Глория внимательно пересмотрела все фотографии, сделанные в клубе «Фишка» в тот трагический вечер. Красовский – именно тот человек, которого она «видела» в зале клубного ресторана. Рослый, осанистый, с волнистыми черными волосами до плеч, с горящим взглядом.
– Девушка рядом с ним – его жена. Странный у них брак… платонический.
– В смысле?
– Сильные чувства, можно сказать, страсть… и никакой физиологии.
– Так не бывает! – ухмыльнулся сыщик.
– Вот пример, доказывающий обратное.
Роман придвинулся поближе к экрану и вгляделся в слегка смазанные черты лица красавицы в элегантном платье.
– На вид ей не дашь больше двадцати. А Красовскому явно за сорок. Он хорошо сохранился. Поддерживает форму.
– Ей восемнадцать, – обронила Глория. – На три года меньше, чем твоим подружкам.
Она намекала на Дину и Любу, которые мирно посапывали в спальне.
– Какие они мне подружки? – возмутился Лавров. – Шалавы!
– Тише, – одернула его Глория. – Если бы не одна из них, лежать бы тебе заваленным камнями в каком-нибудь подземном коридоре. Плутон бы тебя в живых не оставил. Коротка мужская память!
– Тебя не поймешь. То тебе нет дела до девчонок, то бросаешься их защищать.
– Женскую солидарность никто не отменял.
– Значит, ты им сочувствуешь?
– Не отвлекайся, – уклонилась от ответа Глория. – Лучше скажи, что ты думаешь о Красовских?

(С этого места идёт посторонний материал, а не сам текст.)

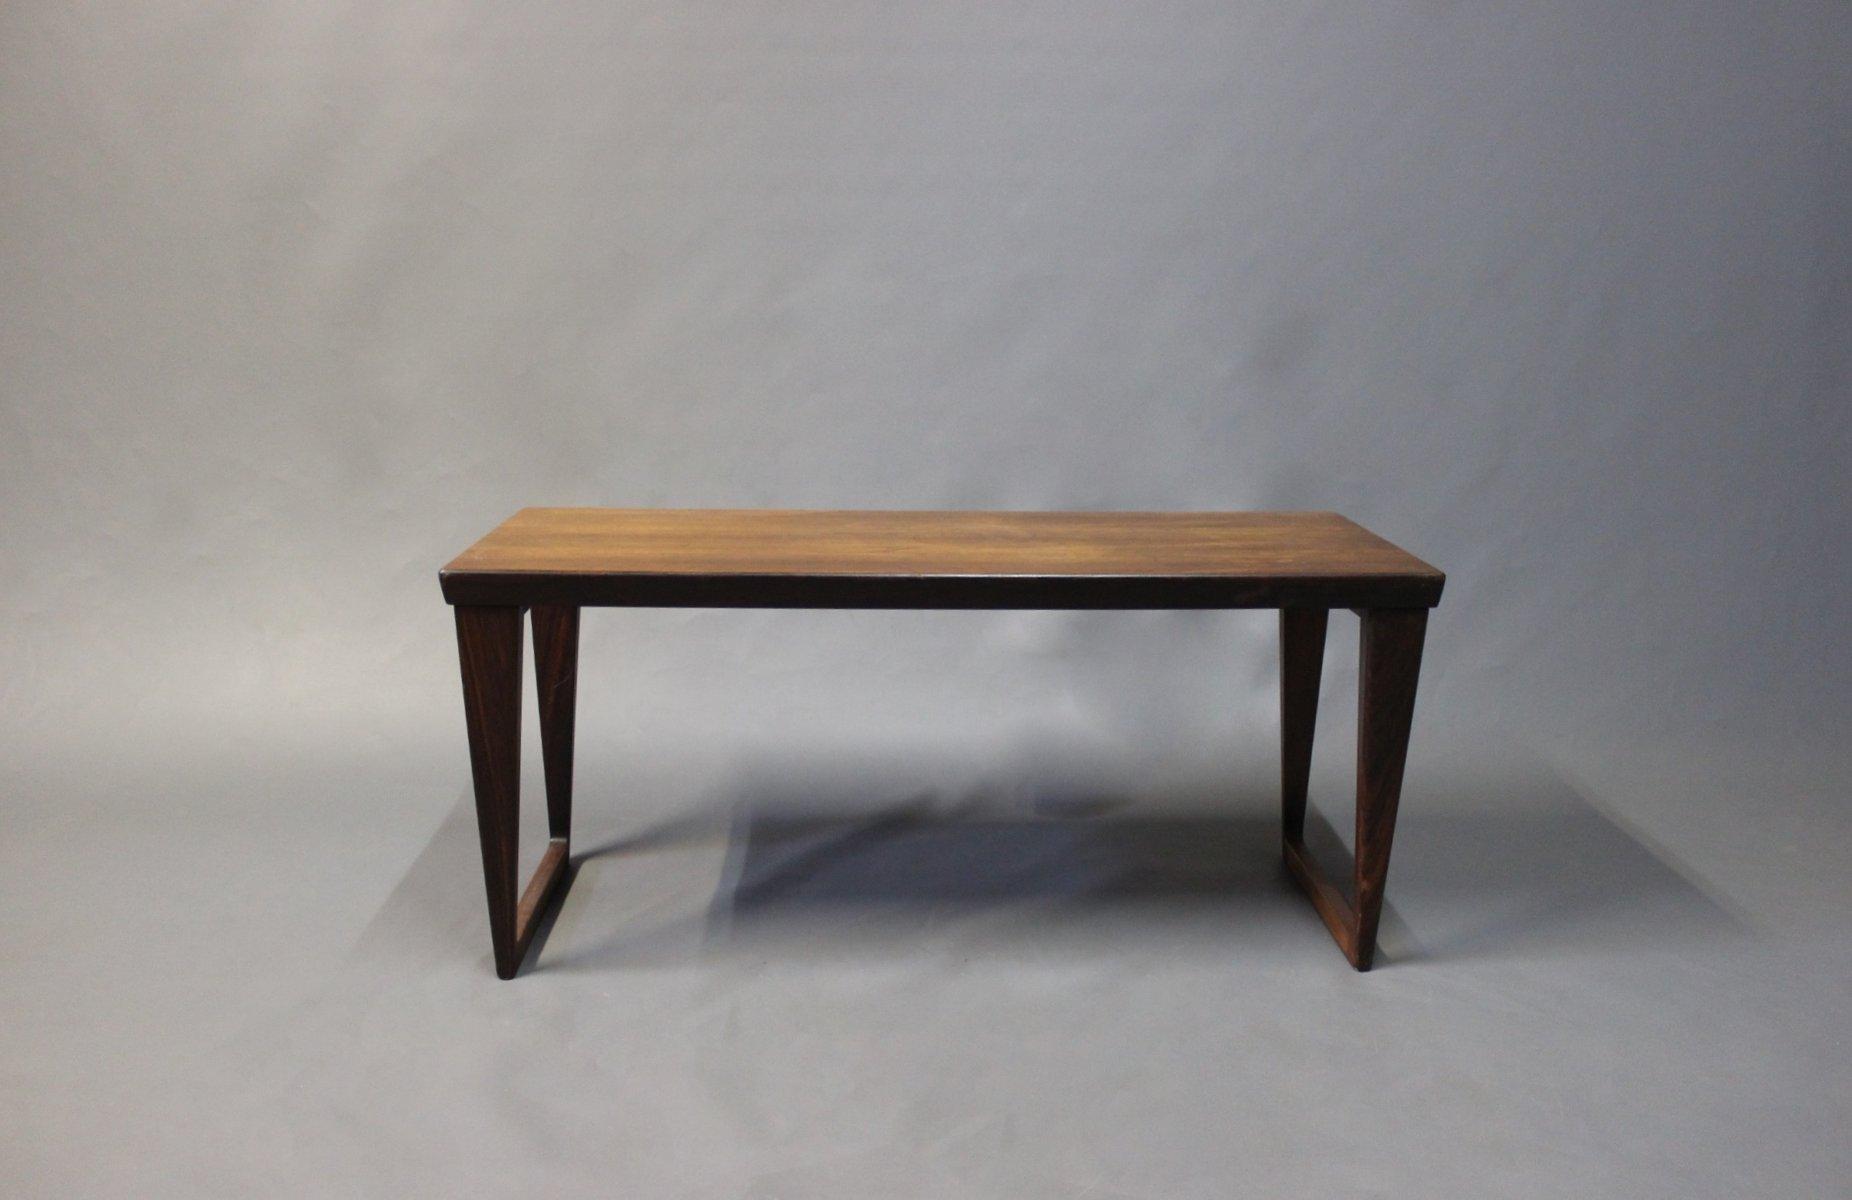 d nischer kleiner palisander couchtisch 1960er bei pamono. Black Bedroom Furniture Sets. Home Design Ideas

– А чего мне думать? Для этого есть ты.
Она укоризненно покачала головой.
– Наломал ты дров, Рома. Себя под удар поставил, Катю в неприятности втянул.
– Это еще кто кого втянул? – насупился Лавров.

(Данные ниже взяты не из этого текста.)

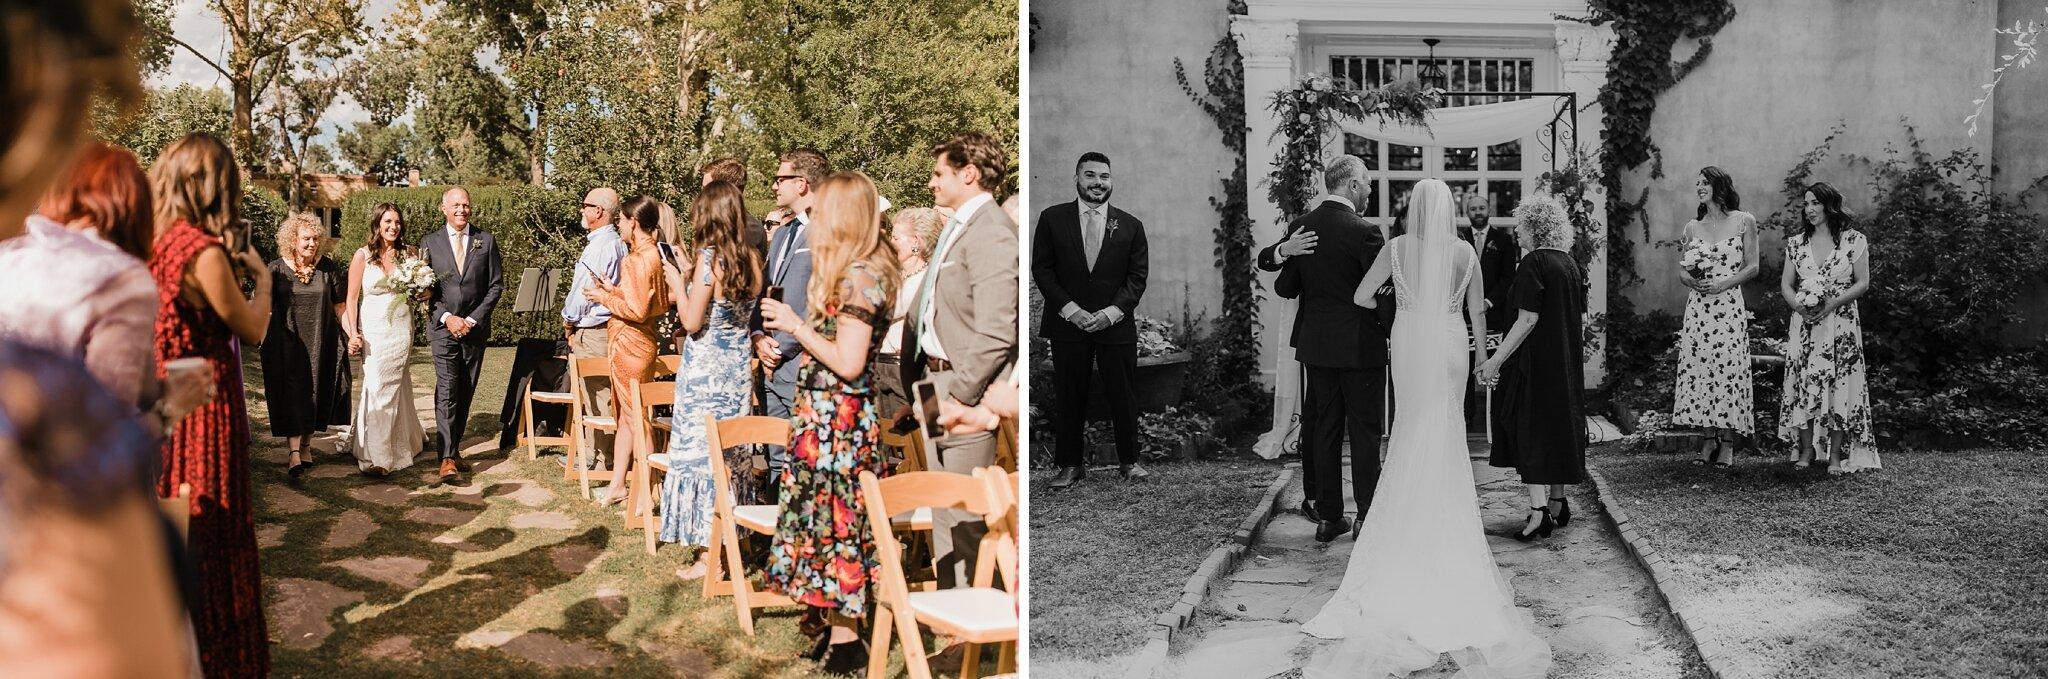 Alicia+lucia+photography+-+albuquerque+wedding+photographer+-+santa+fe+wedding+photography+-+new+mexico+wedding+photographer+-+new+mexico+wedding+-+wedding+-+albuquerque+wedding+-+los+poblanos+-+los+poblanos+wedding+-+fall+wedding_0051.jpg

– Девчонки из-за тебя пострадали.
– Они все равно добром бы не кончили. Пусть скажут спасибо, что Плутон их в подземелье запер, не то схлопотали бы по пуле в башку.

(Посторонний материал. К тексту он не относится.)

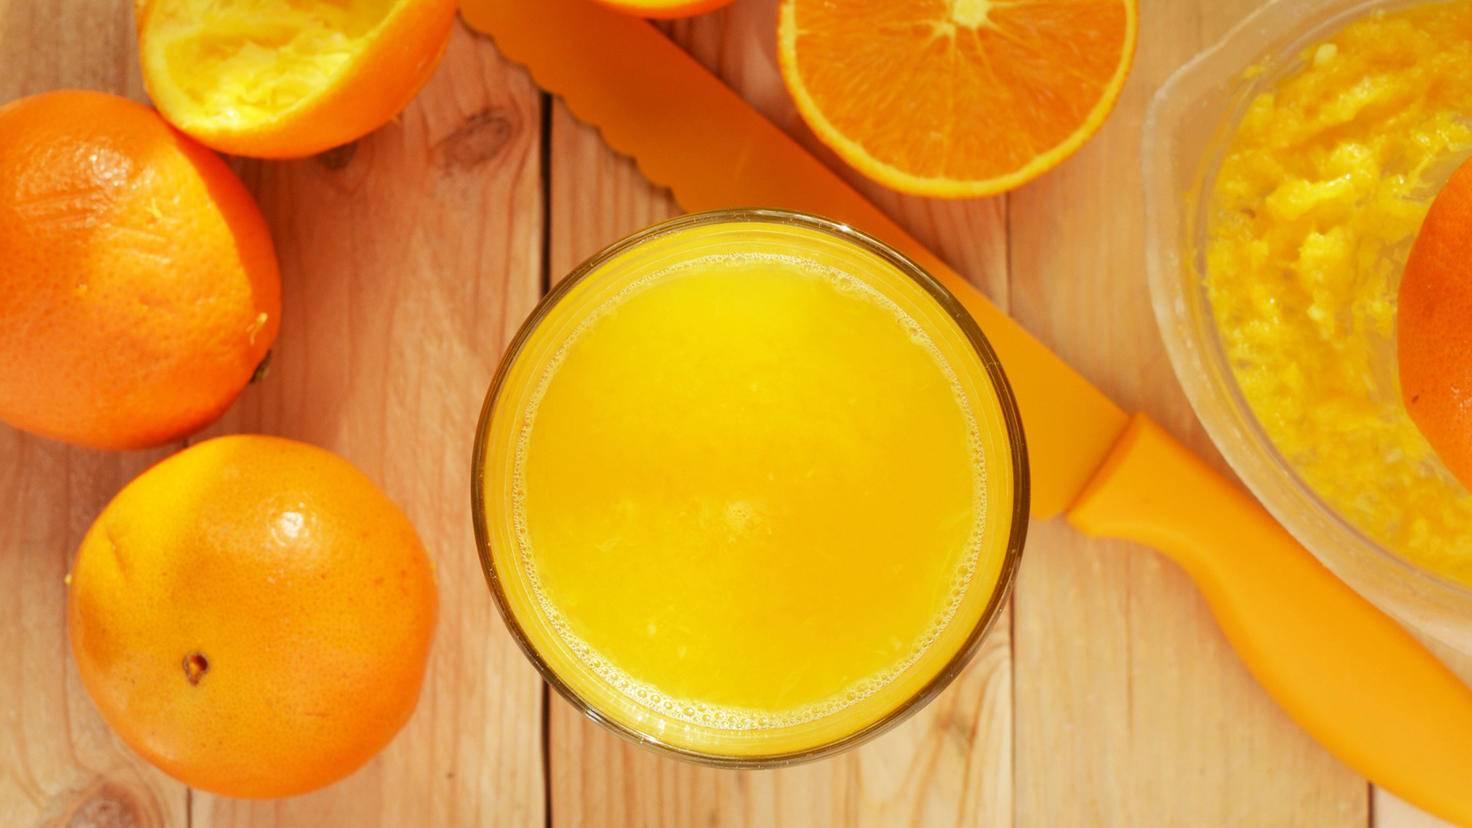 Wer einen veganen Orangensaft trinken möchte, sollte ihn besser selbst pressen.

– Выходит, ты их дважды спас? Благодаря тебе они оказались запертыми, а потом ты их вызволил и спрятал. Только от Красовского долго не побегаешь. Он уже ищет тебя повсюду и скоро найдет. А после возьмется за танцовщиц канкана.
К концу фразы улыбка сползла с губ Глории, а в голосе прозвучала жесткость.
– Значит, убийца – Красовский?
– Без сомнений, – кивнула она. – Смерть Плутона на его совести. Теперь он явится за вами.
– Он не знает, что мы здесь, на Шаболовке.
– Боюсь, уже знает.
– Откуда?
Глория повела рукой перед снимком на экране и заявила, что Красовский пользуется так называемым «маятником». Он носит его на шее, под рубашкой.
– Что это? – удивился Роман.
– Отвес, который может приблизительно указать место, где скрывается человек, клад или вода, к примеру. Берешь указательным и большим пальцами руки за веревочку или цепочку… и удерживаешь маятник над картой. Задаешь вопрос, дожидаешься колебаний, и дело в шляпе.
– Каким образом подвешенный на шнурке груз может отвечать на вопросы?
– Отвечает не маятник. Он лишь промежуточное звено между информационным полем и человеком. Кто дает ответы, неведомо. Но при определенной сноровке их можно получить.
– По-твоему, отвес укажет Красовскому наш адрес?
Глория пожала плечами. Она никогда не пользовалась маятником и не знала, насколько хорошо владеет им Красовский.
– В любом случае он найдет по карте улицу… а дом и квартиру ему придется искать по ходу. Не знаю, как быстро он сориентируется.
Глория уже пыталась мысленно перенестись туда, где находится убийца, но наткнулась на плотную завесу тумана. Вокруг Красовского клубилось зло, и она отступила. Воздействовать на него так же, как она воздействовала на блондинку, невозможно. Он не поддается. Кроме того, ее направленное внимание может возбудить маятник, а это нежелательно.